Exactly the lines from the one with "The stool feature" through the last line of the listing must be given again.

• [Supplied material]
◇ ◇ ◇ ◇
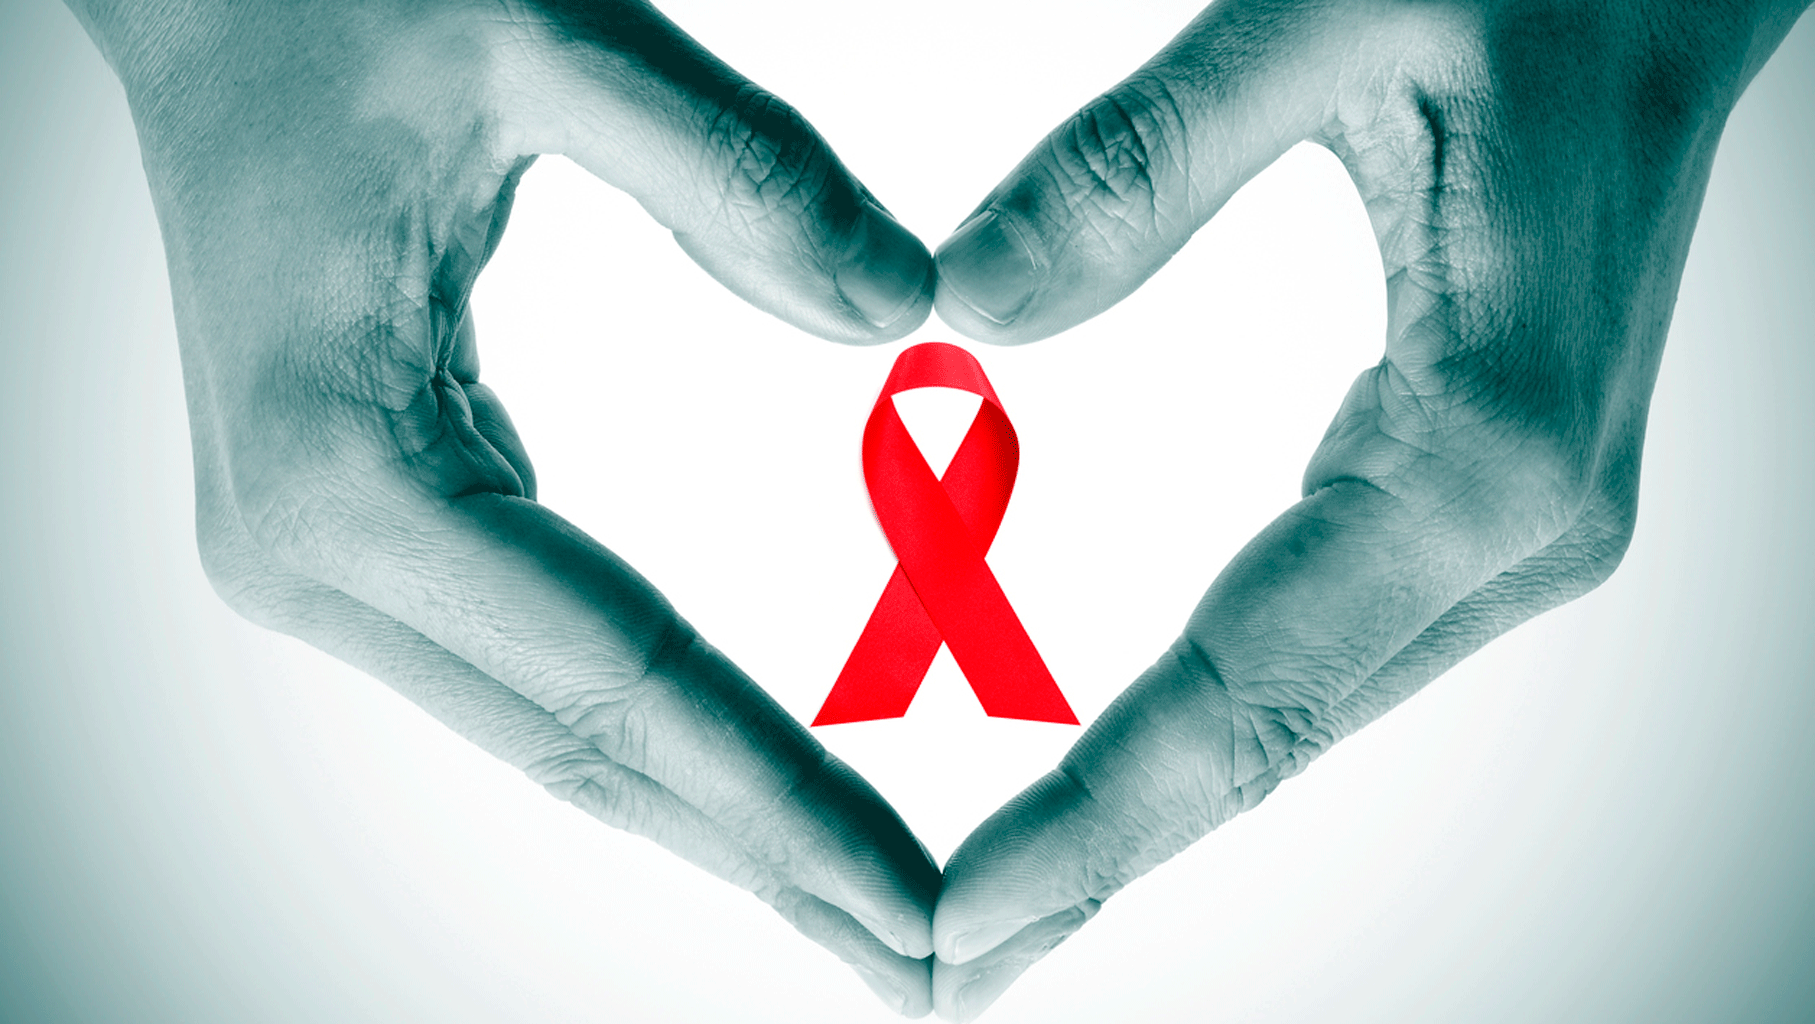 The study revealed that awareness among people and awkwardness to talk about HIV-AIDS still remains a major concern.
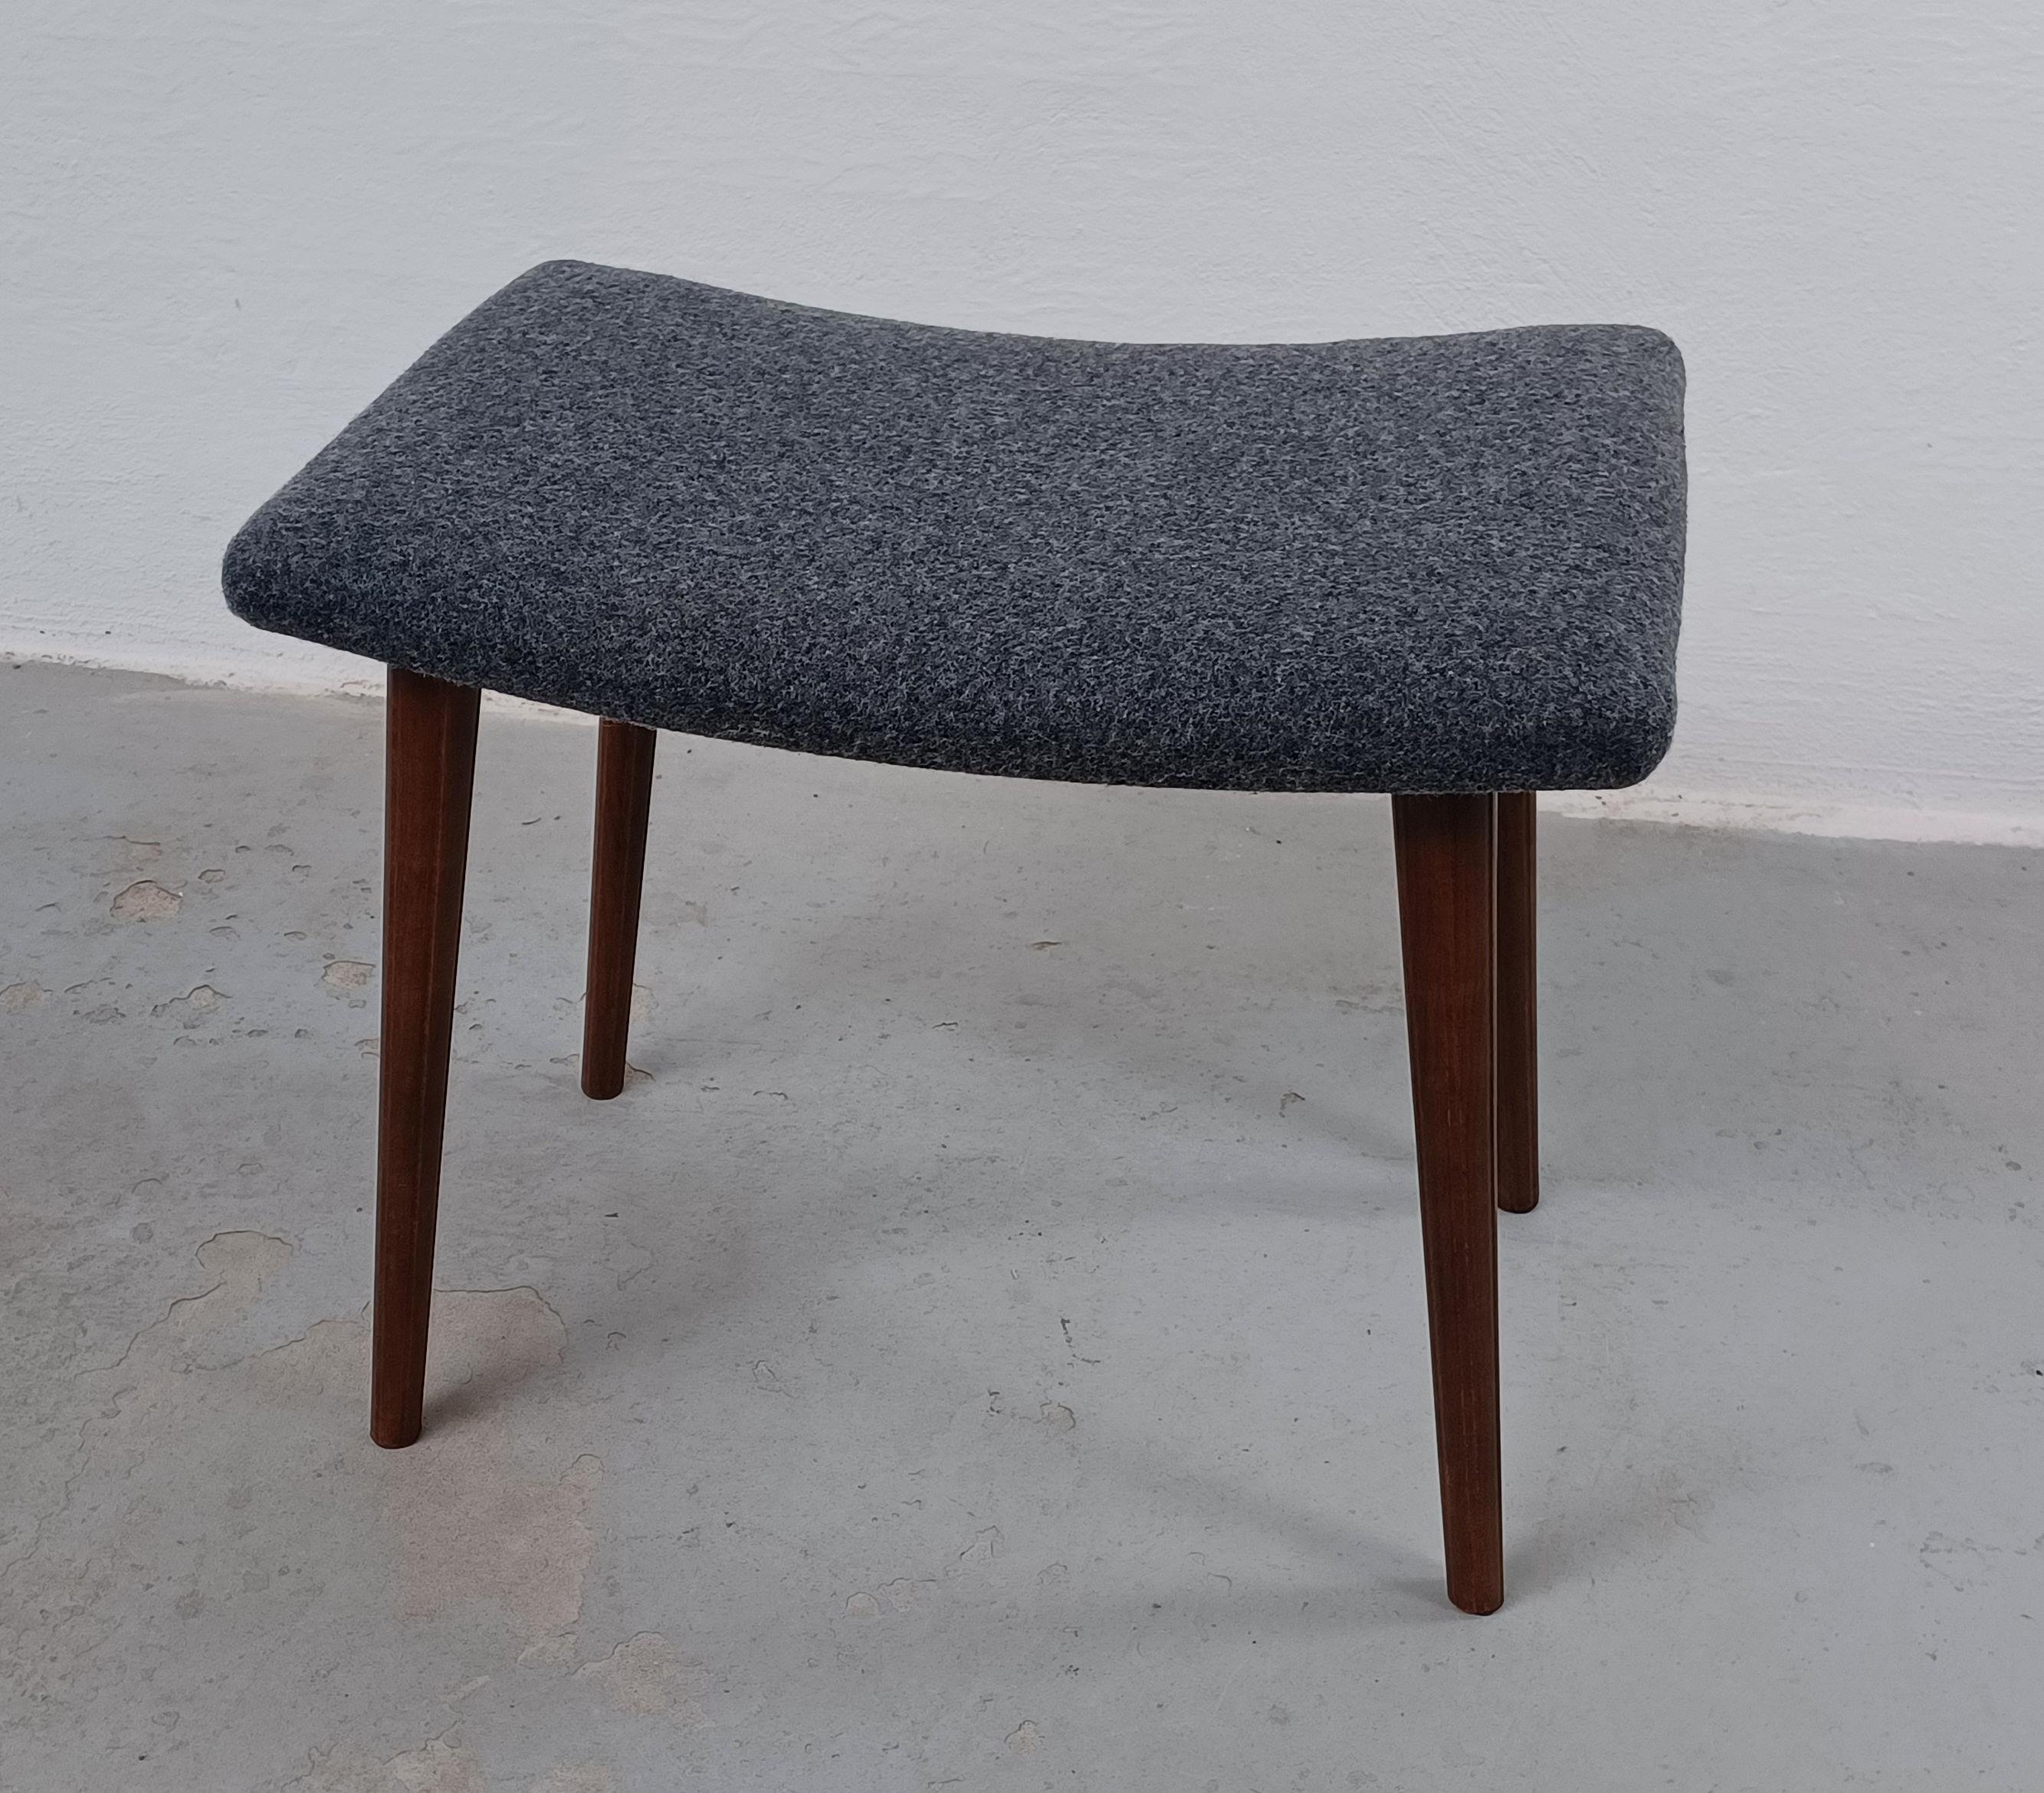 1950s Fully restored danish stool.

The stool feature a simple and elegant design with it's curved upholstered seat on top of it's four fluted chair legs in tanned beech and newly reupholstery in good condition.

The stool has been checked and
◇ ◇ ◇ ◇
• [Result below]
The stool feature a simple and elegant design with it's curved upholstered seat on top of it's four fluted chair legs in tanned beech and newly reupholstery in good condition.

The stool has been checked and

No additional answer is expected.